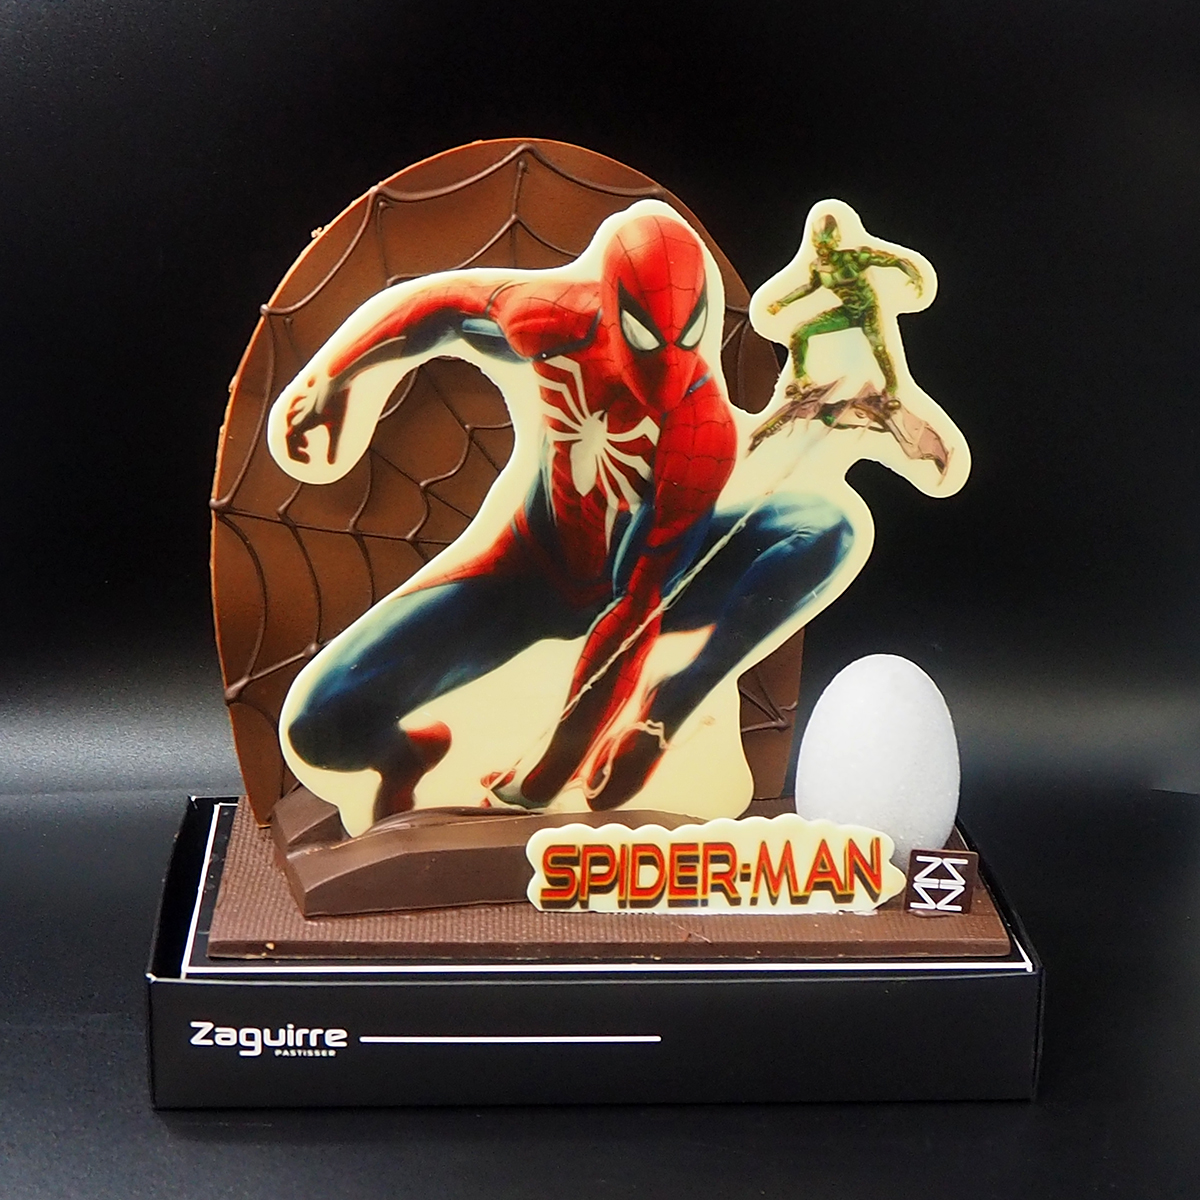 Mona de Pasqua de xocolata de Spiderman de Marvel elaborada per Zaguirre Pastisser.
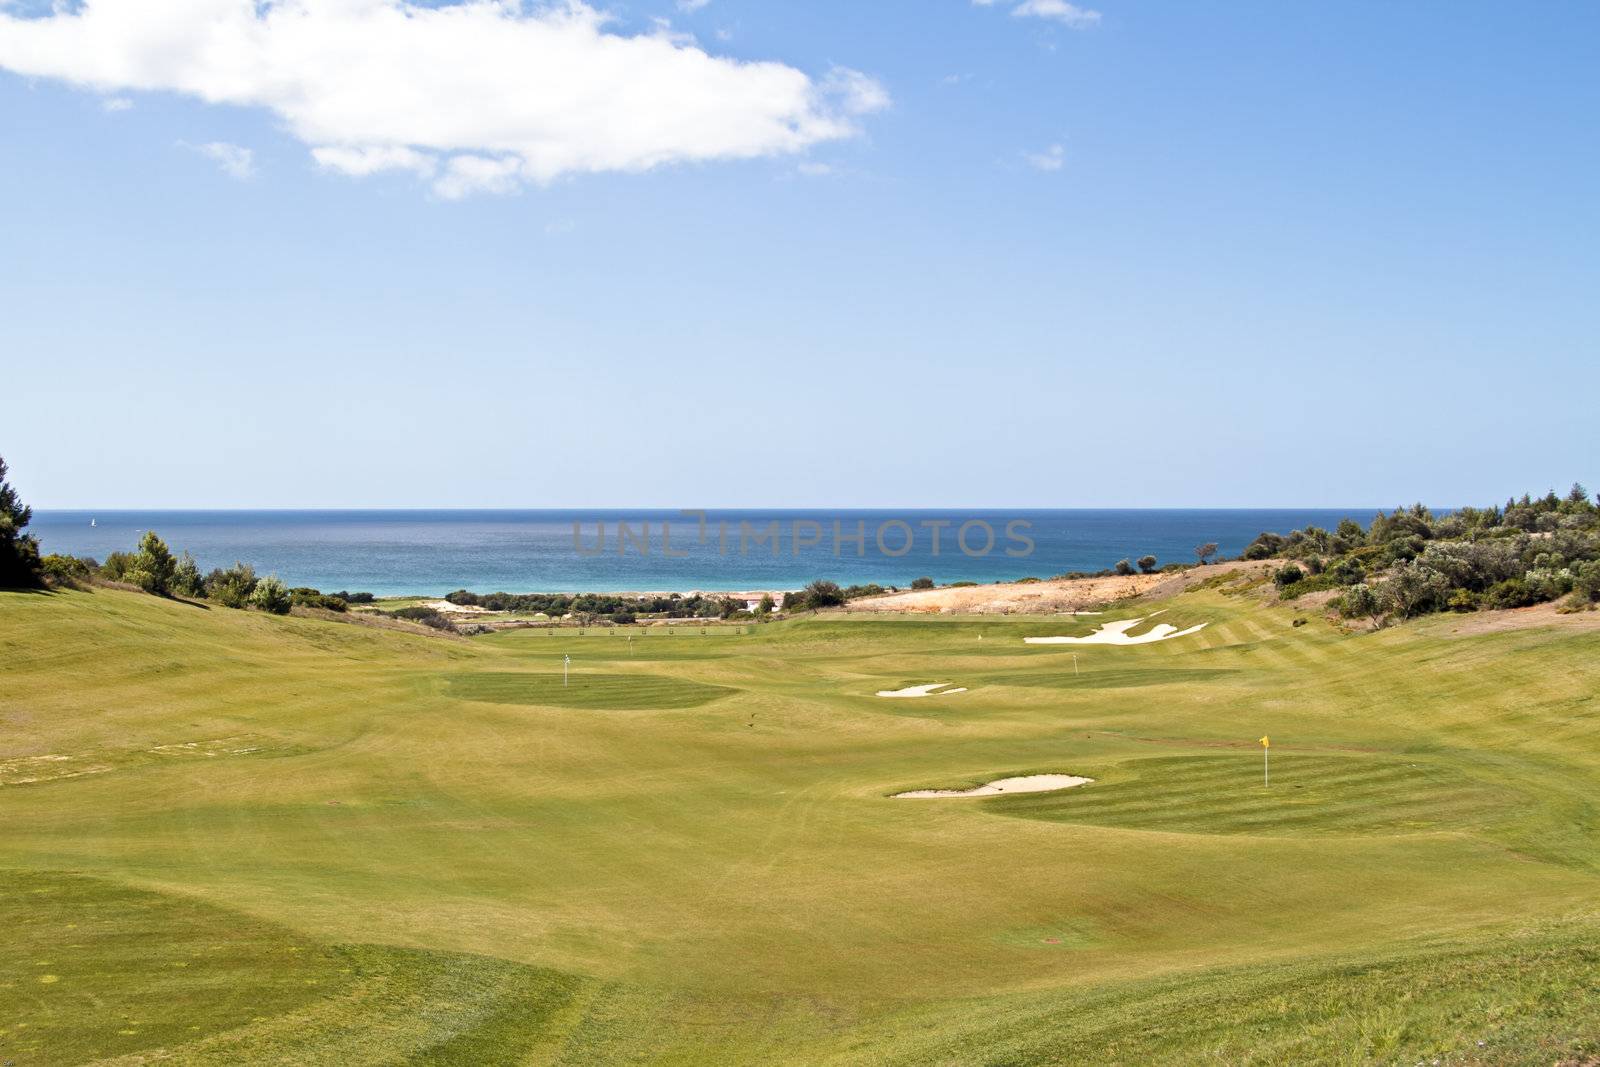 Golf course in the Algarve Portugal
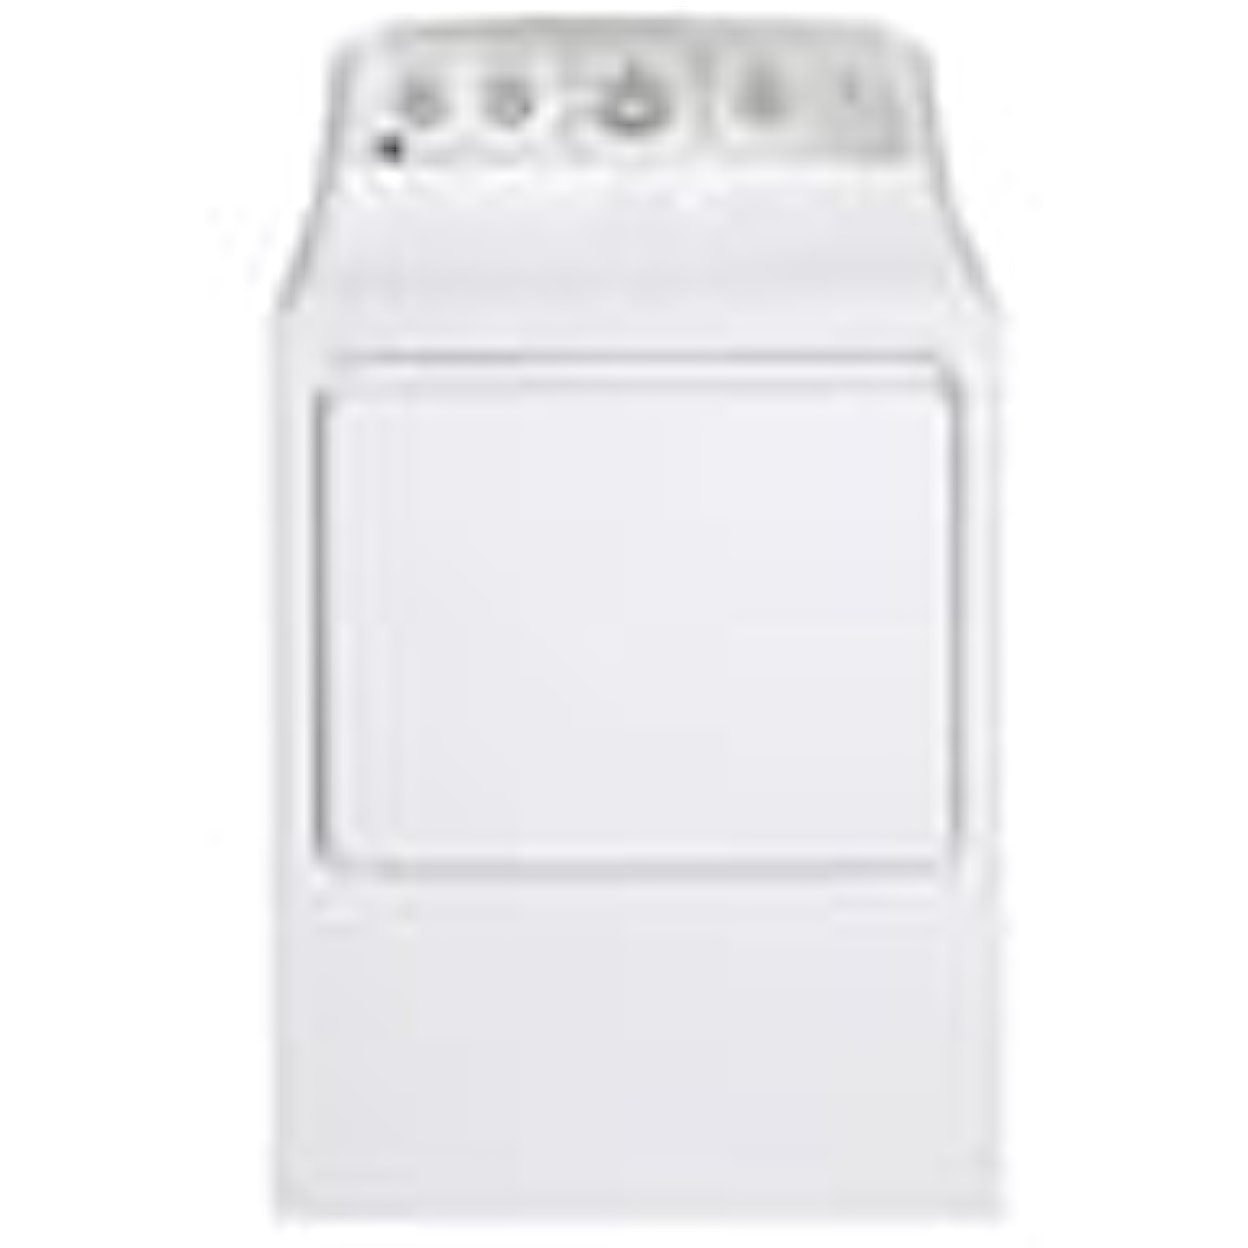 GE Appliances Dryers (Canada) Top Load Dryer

ABOUT THIS EXERCISE:
An unchanged copy of the data, images excluded, is all that should be given.

TASK SOLUTION:
 Mona de Pasqua de xocolata de Spiderman de Marvel elaborada per Zaguirre Pastisser.
 Golf course in the Algarve Portugal
 GE Appliances Dryers (Canada) Top Load Dryer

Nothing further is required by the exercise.